Avanade now has the ability to enroll customers’ machines in Arc, understand what they do and then make a decision to move them, as opposed to its prior “big bang” approach of “everything’s got to move.”

“With Arc data...we can look at those workloads where they actually live, look at how they’re performing, the types of traffic that they’re seeing and everything else, and then we can make an informed decision about what should move, and what should move first,” DeLuca said.

Customers across industries have an interest in Arc, according to DeLuca.

“Places that have lots of sites -- so retailers, manufacturing facilities, retail banking -- they’re all interested in using Arc to manage branch sites, because that gear can’t go away,” he said. “We’ve also got a lot of legacy, big-iron data center customers that just know that they’re never going to close their data center -- they’ve got too much gear in there, they’re big enough that they got the scale, it doesn’t make sense.”

Customer Use Cases

Africa’s Talking, a Nairobi, Kenya-based company that provides mobile voice and messaging and payment APIs for large organizations and developers across Africa and the Middle East, is an Azure Arc customer.

In the past, the company was updating its applications in a more manual way, but with Azure Arc, it’s able to effectively containerize its applications and deploy them around Africa and the Middle East very quickly and efficiently, according to Shah.

“Having all these diverse infrastructures in different locations and being able to deploy their applications and manage and update them very quickly, has been a huge value-add for Africa’s Talking,” he said.

Erlangen, Germany-based Siemens Healthineers, a medical technology company that develops applications for scanners and other hospital machines, also is an Azure Arc customer.

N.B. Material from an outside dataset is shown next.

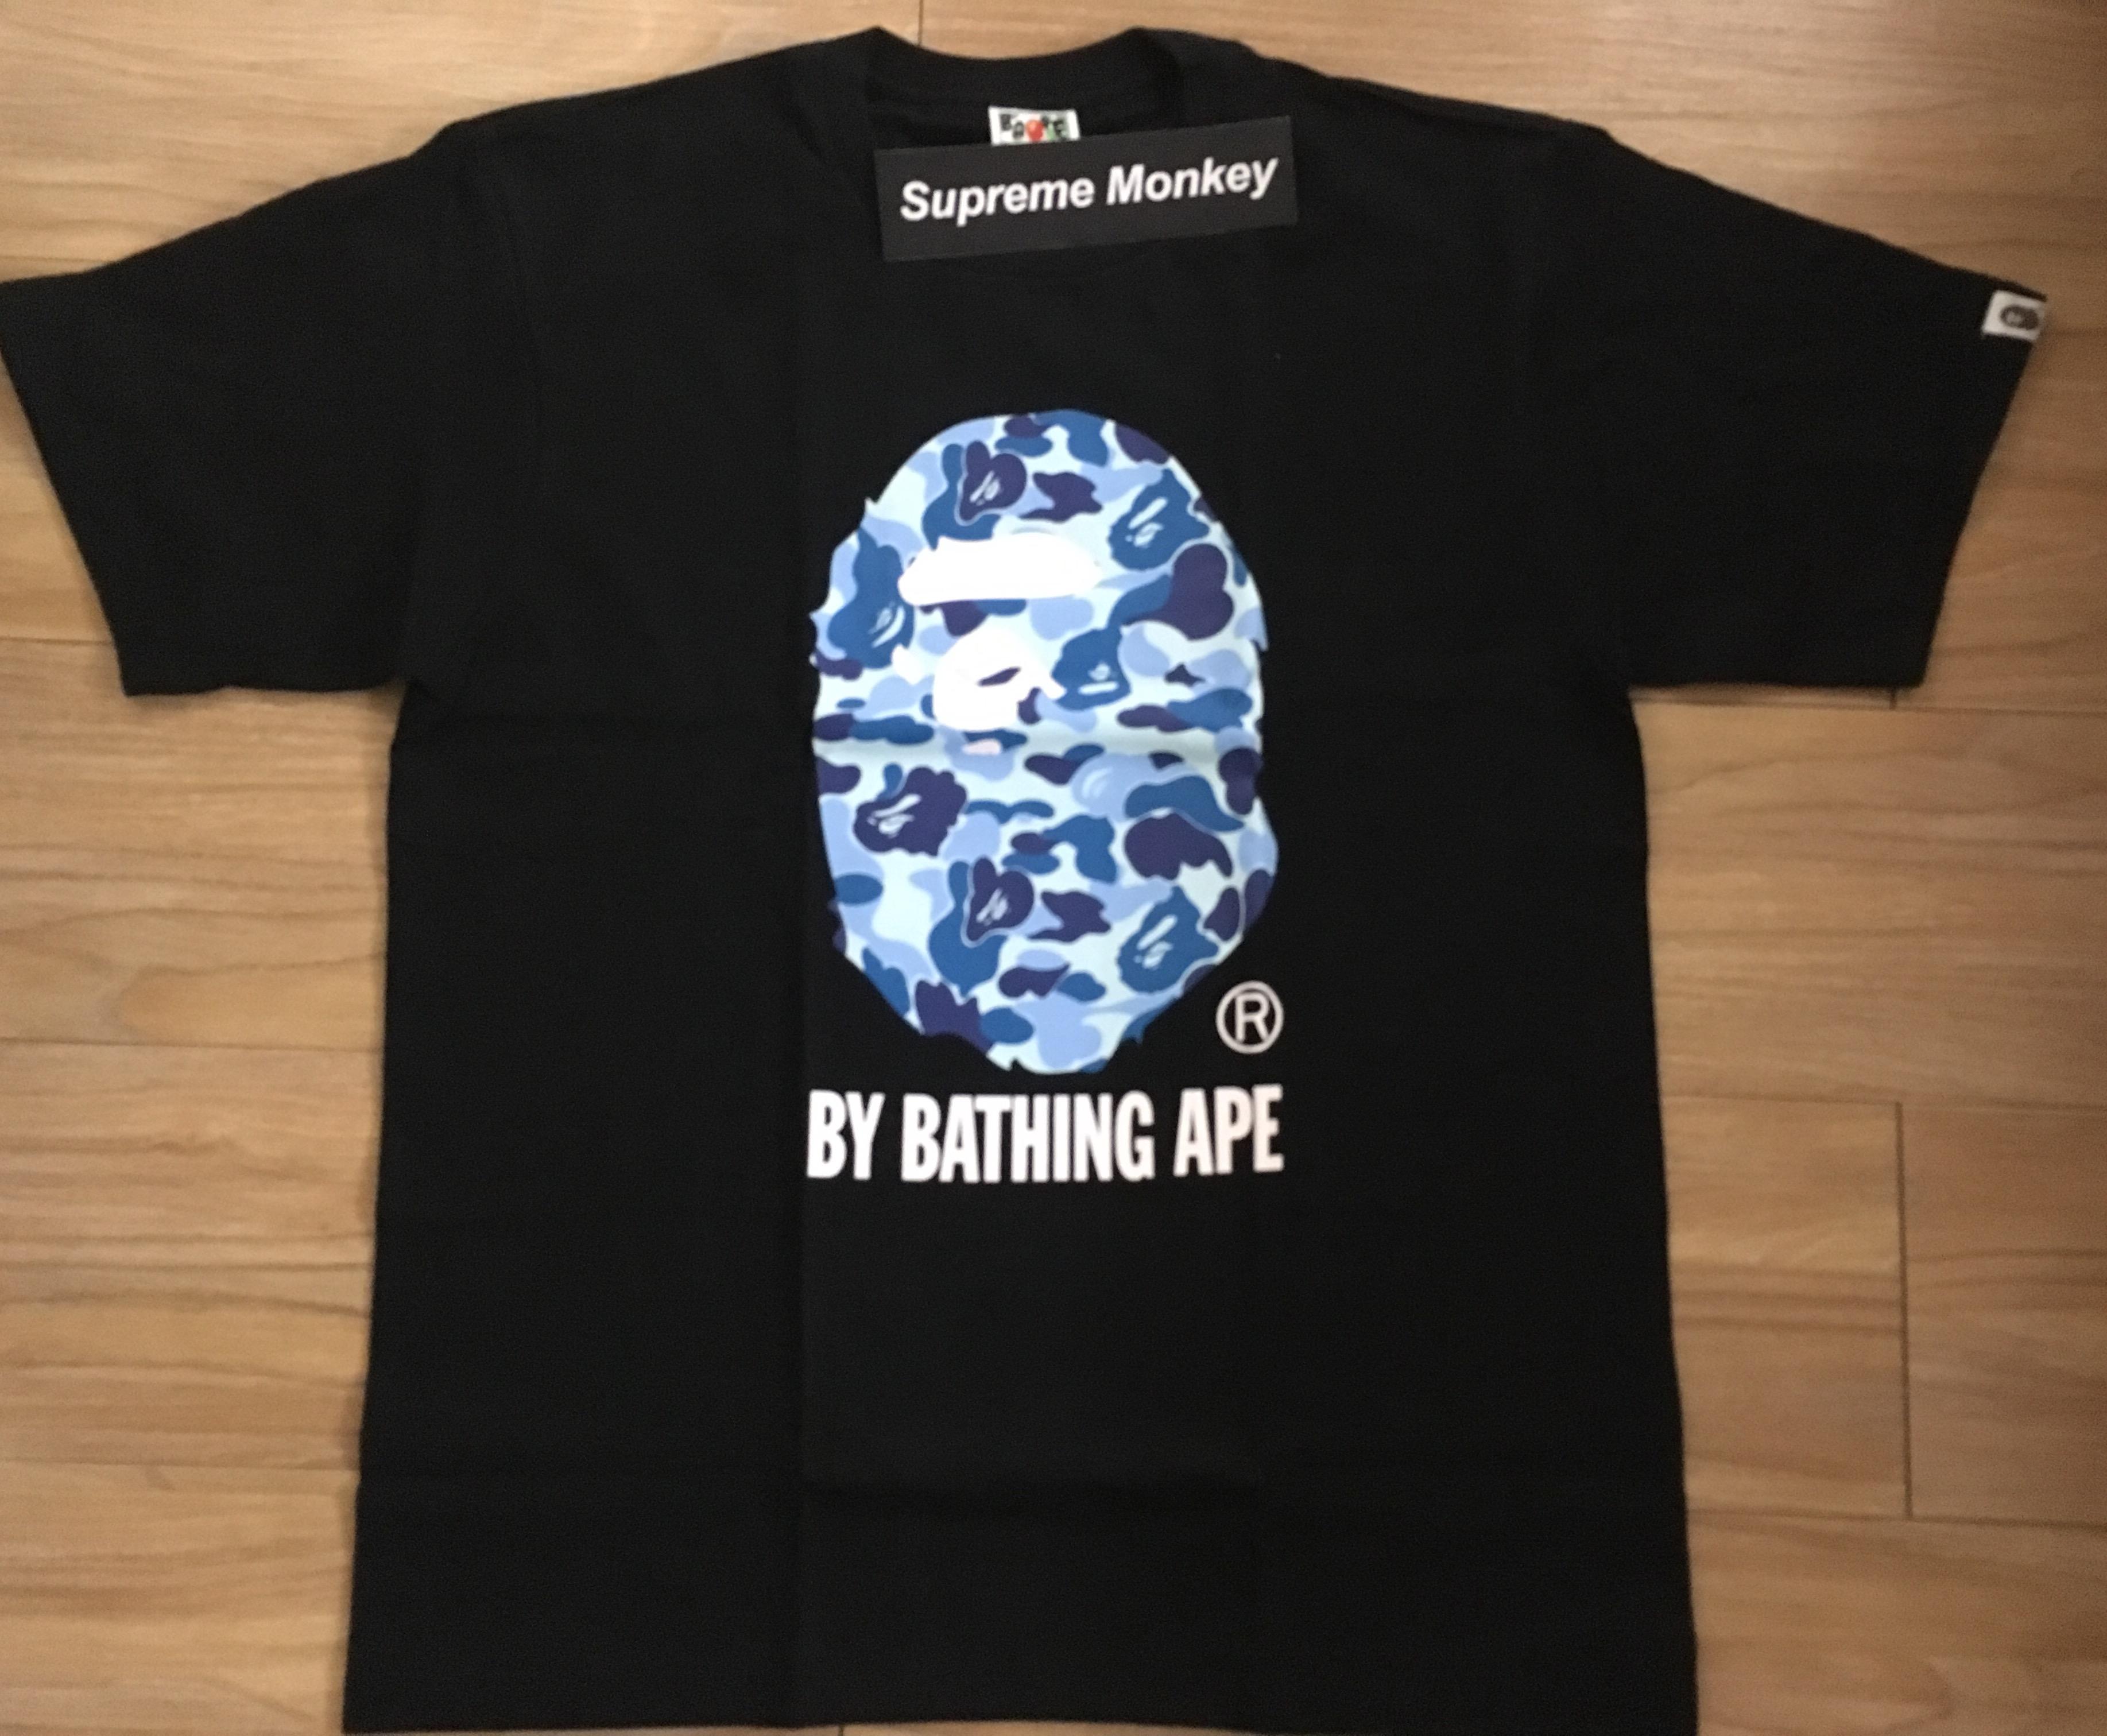 b3e54c37 Bape Abc Camo By Bathing Ape Tee   Grailed

“They had new algorithms that could help detect COVID symptoms,” Shah explained. “Using Kubernetes and Azure Arc, they were able to very quickly develop these applications and deploy them across thousands of sites. And with Arc, they can govern and update these applications really, really efficiently. What used to take them a long time across all this diverse infrastructure, they’re able to do a lot more efficiently with Azure Arc.”

Ferguson, a wholesale distributor of plumbing supplies based in Newport News, Va., is another Azure Arc customer.

“They have a lot of data centers, where they have different types of servers, whether that’s Windows Server, Linux server, or they’re using SQL Server,” Shah said. “They’re using Azure Arc to kind of organize their estates across their hybrid environments, so they can govern and manage these all with Azure Arc and (get) tons of efficiency in cloud management across all their environments.”